原始链接: https://github.com/zeroecco/holos

## Holos:简化的KVM管理 Holos简化了在单个主机上运行多虚拟机堆栈的操作,使用KVM,提供类似Docker Compose的体验,*无需* libvirt、XML配置或分布式控制平面的复杂性。它将虚拟机视为基本单元,为每个虚拟机提供专用的内核、磁盘叠加(qcow2)和cloud-init种子。 您在`holos.yaml`文件中定义堆栈,指定带有镜像、资源分配(vCPU、内存)、依赖项、端口映射和cloud-init配置以进行自定义的服务(虚拟机)。`holos up`、`down`、`ps`、`start`、`stop`、`console`和`exec`等命令管理堆栈生命周期。 主要功能包括:通过专用内部网络实现自动网络连接、持久化卷、用于管理服务依赖项的健康检查、通过自动生成的密钥进行SSH访问,以及能够直通PCI设备,如GPU。Holos还支持从Dockerfile构建镜像,并与systemd集成以实现跨重启的持久运行。 **重要的是,Holos *不是* Kubernetes。** 它专注于简化单主机KVM的使用,避免了编排和集群的复杂性。
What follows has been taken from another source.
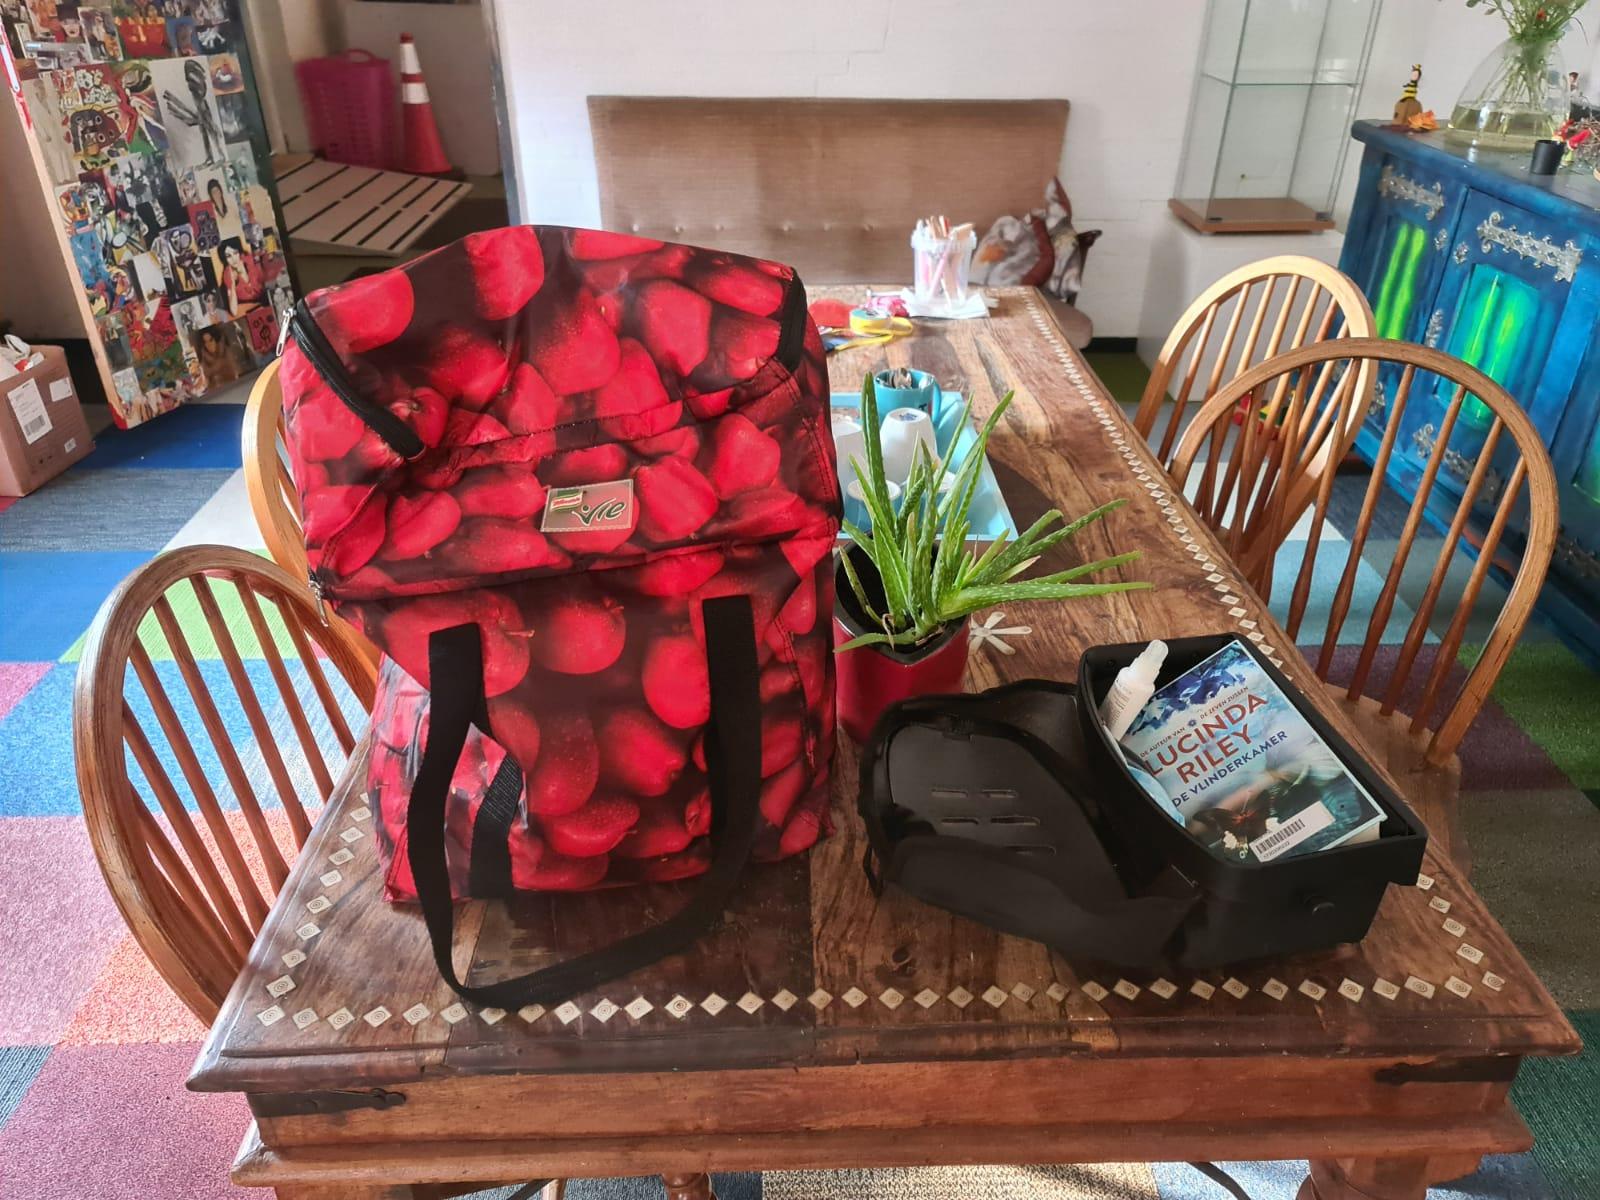 Tas met zwemspullen en boek gevonden

## Holos:一个简化的虚拟机运行时 一个名为 Holos 的新项目旨在通过在 QEMU/KVM 之上直接提供 Compose 风格的 YAML 配置,来简化单主机虚拟机管理。它的创建者将其构建为 libvirt XML 和 Vagrant 的替代方案,专注于易用性和现代功能。 主要特性包括简化的 GPU 直通、通过 SSH 控制虚拟机依赖关系的健康检查、虚拟机之间无需 root 权限即可实现的直接 L2 网络,以及通过 cloud-init 或 Dockerfile 进行配置。 值得注意的是,Holos *不是* Kubernetes 的替代品——它仅设计用于单主机设置,缺乏集群和实时迁移功能。它目前是一个正在真实硬件上测试的原型,开发者正在寻求反馈。用户正在询问它与现有工具(如 virt-manager)的兼容性以及与 Proxmox 的潜在集成。
相关文章

原文

Docker compose for KVM. Define multi-VM stacks in a single YAML file. No libvirt, no XML, no distributed control plane.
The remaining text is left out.